Machine Learning - Tic Tac Toe - Mentor Guide
In this project students will take an existing Tic Tac Toe game written in Python and improve its AI using machine learning. In previous projects, students have trained the AI through the ML4K website. In this project, students will be using a new function, `model.
Contents
Make sure the
ml4k
library is up-to-date
You'll need
ml4k >= 0.7
installed. You can verify this in the Python IDE (Thonny) by going to Tools -> Installed Packages. To update on chromebooks, you can run the
Bold Idea Update
app. Otherwise, you can open a terminal window and run
sudo pip install --upgrade ml4k
(on chromebooks, the sudo password is just "boldidea").
Step 1 - How do you play Tic Tac Toe?
Start with a group discussion and talk through Page 1 of the worksheet. The point is to get students to think about *how* they make a decision on what the next best move is.
In order to make that decision, they need to know *two* things:
- What is the current state of the board?
- Given the state of the board, what is the next best move?
We will convert these 2 things into numbers so that we can use them as examples to train a machine learning model how to win at Tic Tac Toe.
Step 2 - Download and explore the game code
Have students download the code using the link on the worksheet.
Important: Once you download `tictactoe.py`, don't open it just yet. You first need to open the file manager and move the file to your "Linux Files" folder (this only applies to Chromebooks)
Once you've downloaded the file, use the Python IDE to open it and explore the code.
The 2 variables they'll be using the most are AI_MODE and TRAINING . Make sure they understand what these do by reading the code comments.
Proceed with the instructions as outlined in the worksheet, and pay attention to the question prompts. Take time to talk through these w/ the students and make sure they understand what's going on.
Step 3 - Set up the ML project
This section is pretty self-explanatory in the worksheet. If you want the boxes to line up in the way they're pictured in the worksheet, you may need to resize the browser window.
There are two parts to set up:
1: Set up the training data values This represents the board state values that will be provided with each training example.
2: Set up the labels (training buckets) This represents the next best move based on a given board state. As we train using Python, these will begin to fill up with examples.

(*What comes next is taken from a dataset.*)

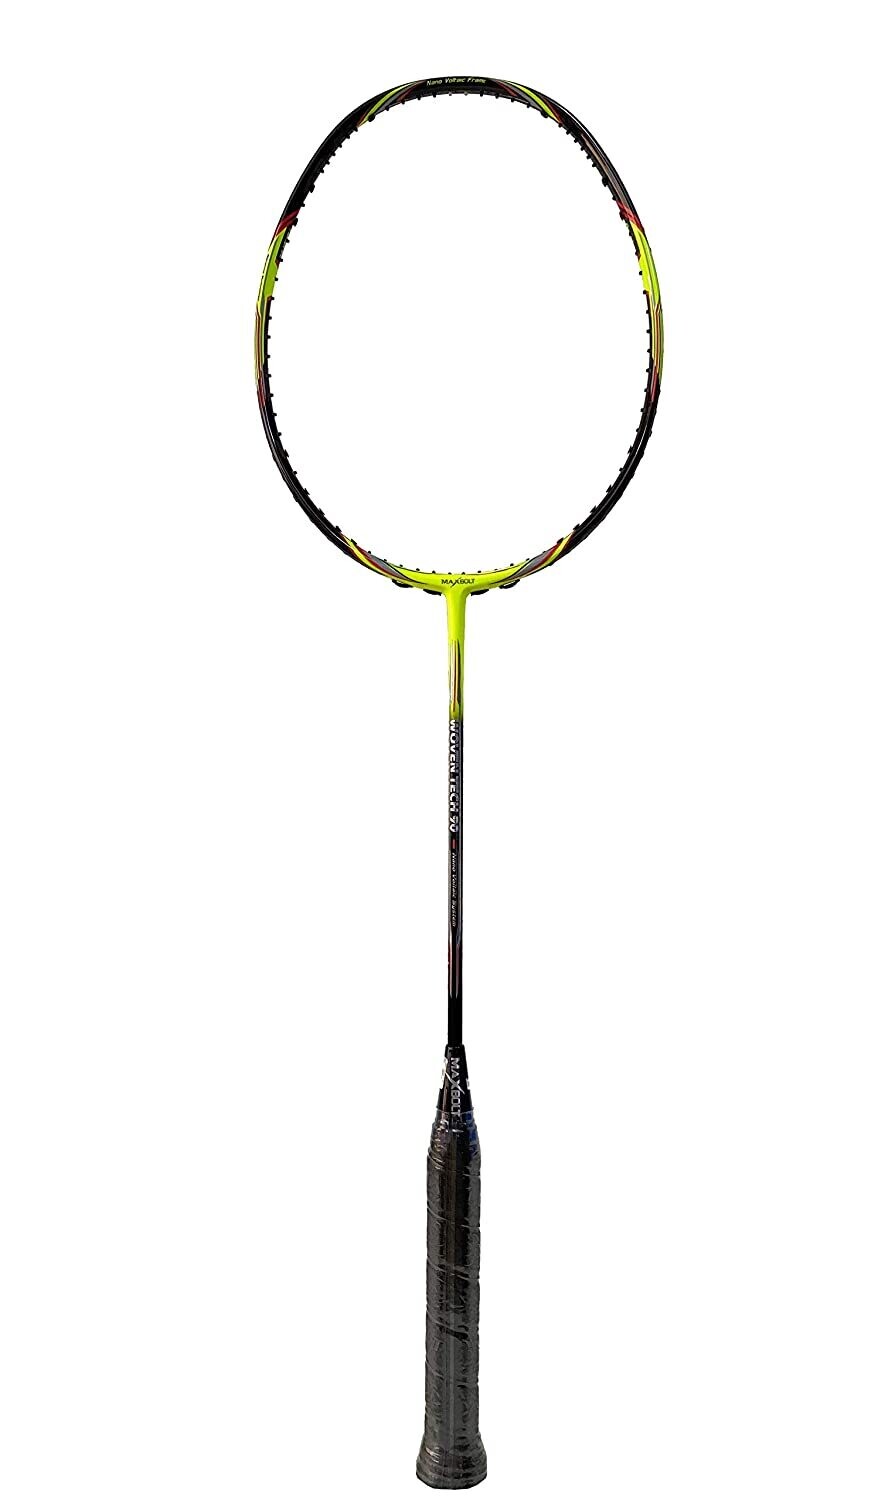 MaxBolt Woven Tech 90 Badminton Racket- with Full Cover
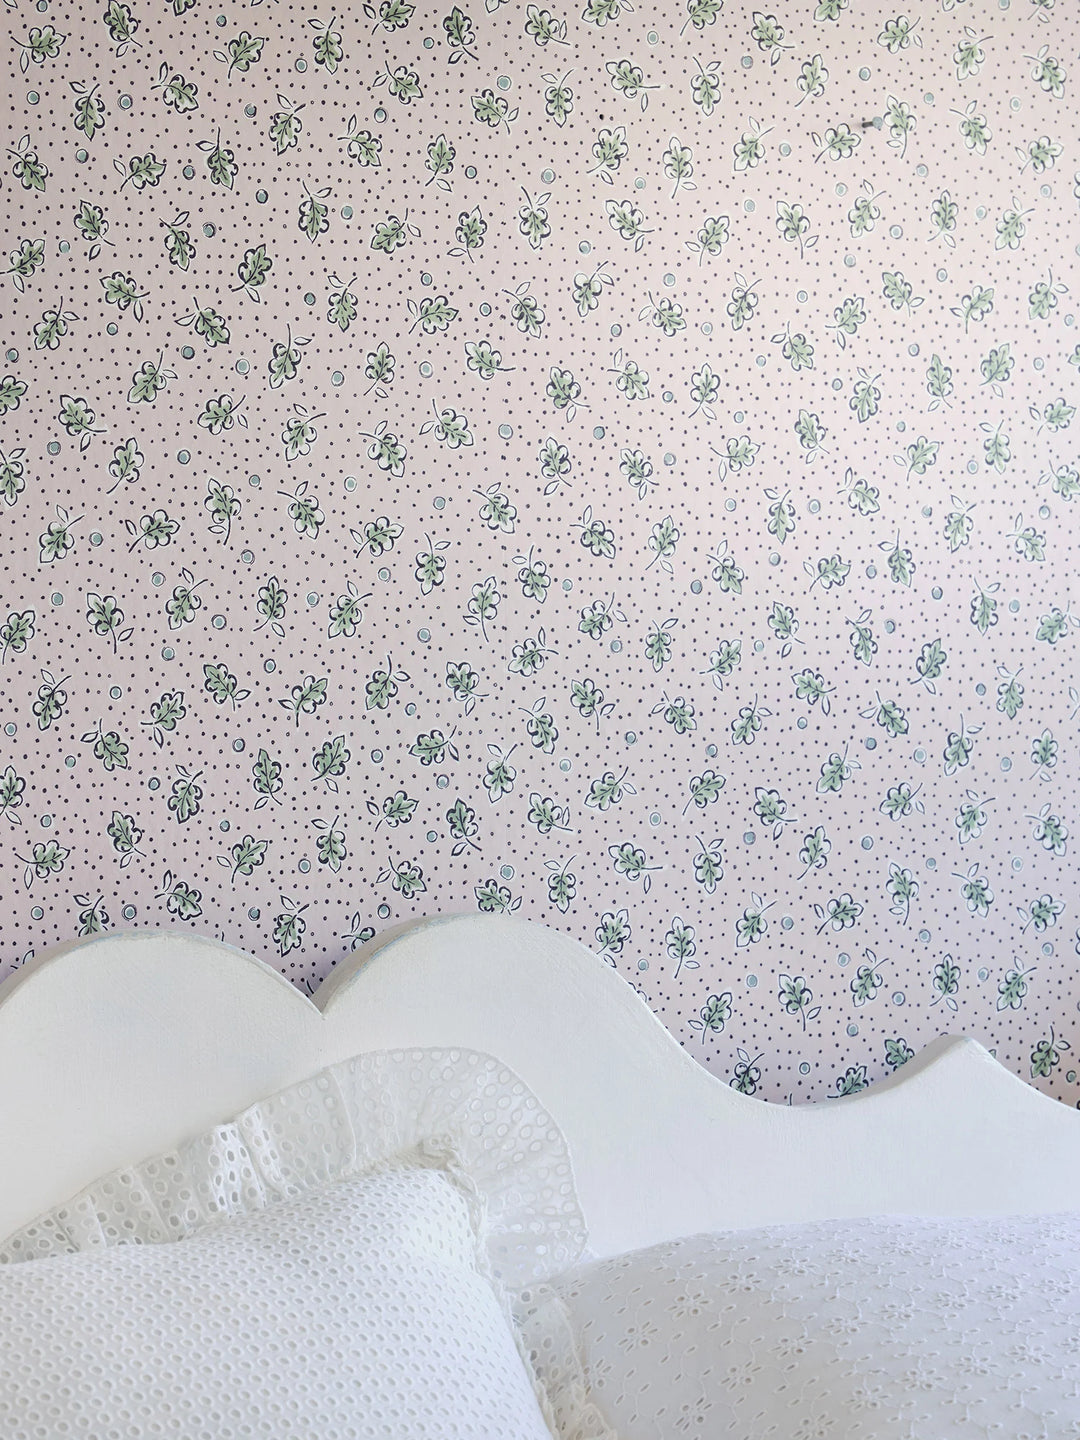 mille-feuilles-wallpaper-clay-pink-dainty-leaves-dots-bedroom

Step 4 - Train the AI by playing
In this step students will define the function that populates the training data. Follow the worksheet step-by-step, being sure to read through everything. Pay special attention to the callouts.
This is a good time to switch AI_MODE to "random". Students will likely comment on how "dumb" the computer is. They're right! It's just playing randomly. But by playing, we're making it smarter. |
Step 5 - Use the ML model
In this step students will add another function that will be called when AI_MODE is set to "ml". This is how you can test your model to see how smart it is.
How to improve the ML model : If TRAINING mode is on, the ML model learns from whomever the winner is. If player O wins (regardless of whether it's the computer or a human), that player's moves will be uploaded as training examples.
If the ML AI makes a bad move, you can train it to make the correct move by doing the following:
- Take note of each move made during the game, and the point at which O made the mistake.
- Set AI_MODE to None (no quotes), and TRAINING to True
- Play as both players using the same moves just before player O made the mistake. Now, make the correct moves so that O wins the game . These winning moves will be added to the training data.
- Go back to the ML4K website and re-train the model (just press the blue button).
- Then go back to your script, change AI_MODE to "ml" to see if the model has improved!